Чаща (страница 7)

Страница 7

Как я уже говорила, я всегда работала и экономила. Деньги, которые мне достались после смерти матери – Георгий перевёл их на мой счёт, – я вложила в валюту. Сейчас такие времена, что, если не будешь держать ухо востро, быстро вылетишь в трубу. Конечно, я даже не предполагала, что однажды мои накопления вырастут в несколько раз. Делала я это исключительно по одной простой причине: чтобы они не расходились направо и налево на всякую ерунду. Конечно, мне хотелось хорошо одеваться и бывать в интересных местах, но я никогда не была транжиркой.

Можно ведь по студенческому билету ходить в музеи, а самое необходимое брать на распродажах. Я даже на море была однажды, устроилась на сезон в гостиницу под Ялтой. После смены бегала купаться. Заплатили хорошо, хоть работы было через край. У нас в Бабаеве тоже есть санаторий. Небольшой, совдеповского вида и сервиса, но люди приезжают сюда за природой и чистейшим сосновым воздухом. Конечно, тем, кто привык к комфорту, скорее всего, наш санаторий не очень понравится – простоват. Но врачи и персонал хорошие. Мы как-то с мамой взяли «курсовку», чтобы попробовать солевую пещеру и специальные ванны, ну и чтобы отдохнуть от готовки. Решили пожить как королевы. Дело было весной. Номер у нас был на втором этаже, а так как санаторий располагался на вершине холма, на Каменной горе, то я смогла убедиться, какая вокруг красота.

В общем, когда случился очередной дефолт, я выгодно пристроила накопленное, и это дало мне возможность переехать в Москву и снять комнату, потому что общежитие заочникам давали только на время сессии.
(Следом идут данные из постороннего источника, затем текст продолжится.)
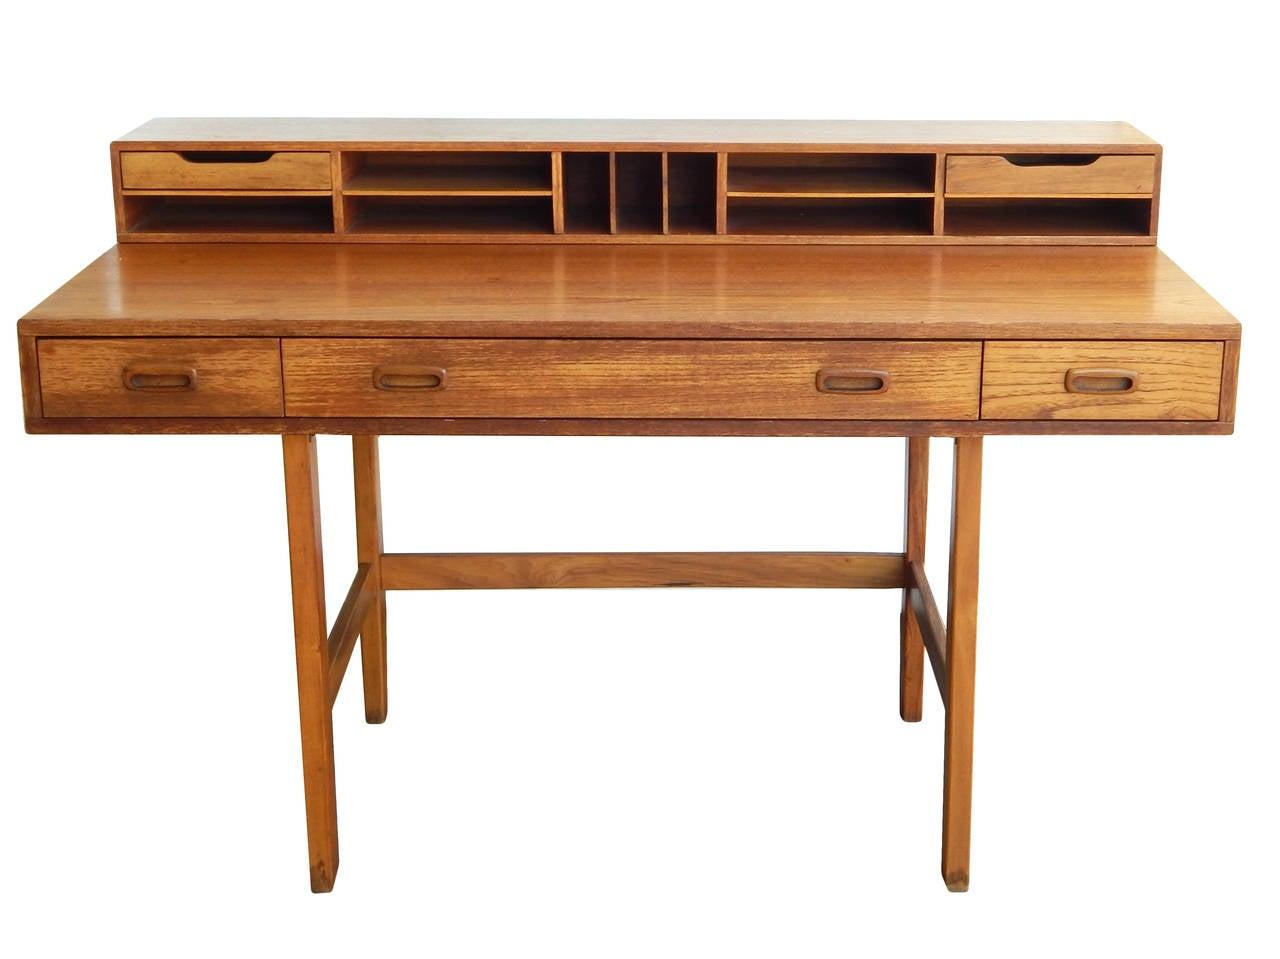 MidCentury Modern Convertible Desk at 1stdibs

А дальше закрутилось, и я совсем перестала думать о возвращении. Хотя, конечно, была и другая причина, гораздо более весомая.

– Справляюсь, тётя Даша, – ответила я, не вдаваясь в подробности. – А тут как? Вообще? – беспечно спросила я, пододвигая к себе чашку с чаем и тарелку с пирогами.

– Как, как… – тётка Дарья села напротив и расстелила перед собой кухонное полотенце. – По-разному. Ты Георгия-то видела уже?

– Встретил на станции. – Я зажмурилась от удовольствия, когда малиновая начинка растеклась во рту. – Господи, как же вкусно!

– Скоро уж новая ягода поспеет, вот я прошлогоднее варенье и пихаю везде. Может, картошечки? Селёдка есть, сама солила.

– Не-не, на ночь селёдку вредно. Опухнешь на утро!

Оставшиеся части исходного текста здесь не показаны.